## TRY IT
Please repeat the records exactly from their first line, finishing at the line containing "Três alunos do" and including it.

=-=-=

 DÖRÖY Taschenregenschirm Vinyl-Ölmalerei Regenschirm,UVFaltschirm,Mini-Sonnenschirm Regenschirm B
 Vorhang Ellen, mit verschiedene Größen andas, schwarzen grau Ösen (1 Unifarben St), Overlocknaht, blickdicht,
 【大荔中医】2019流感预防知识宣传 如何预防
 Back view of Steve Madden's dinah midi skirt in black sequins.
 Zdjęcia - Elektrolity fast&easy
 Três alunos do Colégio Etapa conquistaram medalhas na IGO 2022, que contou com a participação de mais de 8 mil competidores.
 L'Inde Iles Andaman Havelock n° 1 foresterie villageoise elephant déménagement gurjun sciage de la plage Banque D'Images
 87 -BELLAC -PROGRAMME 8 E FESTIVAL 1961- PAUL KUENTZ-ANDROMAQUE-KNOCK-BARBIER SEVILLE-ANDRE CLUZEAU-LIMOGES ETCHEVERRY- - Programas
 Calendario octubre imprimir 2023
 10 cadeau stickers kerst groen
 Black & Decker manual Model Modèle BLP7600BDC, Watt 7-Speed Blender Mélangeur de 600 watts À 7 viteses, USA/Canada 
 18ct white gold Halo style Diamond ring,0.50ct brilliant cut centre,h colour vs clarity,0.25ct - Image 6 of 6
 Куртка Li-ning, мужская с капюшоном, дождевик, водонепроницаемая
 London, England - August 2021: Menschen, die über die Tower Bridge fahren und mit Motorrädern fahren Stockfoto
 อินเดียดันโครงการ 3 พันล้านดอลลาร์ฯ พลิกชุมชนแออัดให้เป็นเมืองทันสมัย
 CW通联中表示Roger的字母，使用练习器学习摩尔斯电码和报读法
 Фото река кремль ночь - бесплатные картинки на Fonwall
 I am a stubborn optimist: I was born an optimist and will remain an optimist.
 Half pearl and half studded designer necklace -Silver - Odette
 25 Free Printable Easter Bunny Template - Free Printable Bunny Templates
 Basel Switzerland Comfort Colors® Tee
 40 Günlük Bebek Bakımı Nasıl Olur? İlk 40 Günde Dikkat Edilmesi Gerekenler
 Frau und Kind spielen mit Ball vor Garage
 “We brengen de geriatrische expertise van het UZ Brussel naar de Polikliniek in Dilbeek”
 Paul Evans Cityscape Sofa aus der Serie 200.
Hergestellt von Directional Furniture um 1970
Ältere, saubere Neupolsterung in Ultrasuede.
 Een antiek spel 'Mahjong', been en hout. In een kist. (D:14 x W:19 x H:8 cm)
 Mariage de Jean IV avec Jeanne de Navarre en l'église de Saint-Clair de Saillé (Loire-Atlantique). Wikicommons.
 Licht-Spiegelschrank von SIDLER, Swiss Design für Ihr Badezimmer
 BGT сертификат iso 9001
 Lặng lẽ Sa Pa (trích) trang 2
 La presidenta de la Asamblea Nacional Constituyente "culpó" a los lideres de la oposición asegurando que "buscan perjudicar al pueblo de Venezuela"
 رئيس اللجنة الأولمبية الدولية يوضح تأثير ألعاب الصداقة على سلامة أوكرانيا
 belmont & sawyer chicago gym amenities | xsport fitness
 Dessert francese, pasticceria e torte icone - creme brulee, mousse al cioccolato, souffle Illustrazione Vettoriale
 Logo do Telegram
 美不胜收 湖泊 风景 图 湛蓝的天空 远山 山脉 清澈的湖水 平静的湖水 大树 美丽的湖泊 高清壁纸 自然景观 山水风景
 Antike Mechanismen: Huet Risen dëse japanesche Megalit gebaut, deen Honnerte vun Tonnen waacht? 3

=-=-=

## EXERCISE RESPONSE
 DÖRÖY Taschenregenschirm Vinyl-Ölmalerei Regenschirm,UVFaltschirm,Mini-Sonnenschirm Regenschirm B
 Vorhang Ellen, mit verschiedene Größen andas, schwarzen grau Ösen (1 Unifarben St), Overlocknaht, blickdicht,
 【大荔中医】2019流感预防知识宣传 如何预防
 Back view of Steve Madden's dinah midi skirt in black sequins.
 Zdjęcia - Elektrolity fast&easy
 Três alunos do Colégio Etapa conquistaram medalhas na IGO 2022, que contou com a participação de mais de 8 mil competidores.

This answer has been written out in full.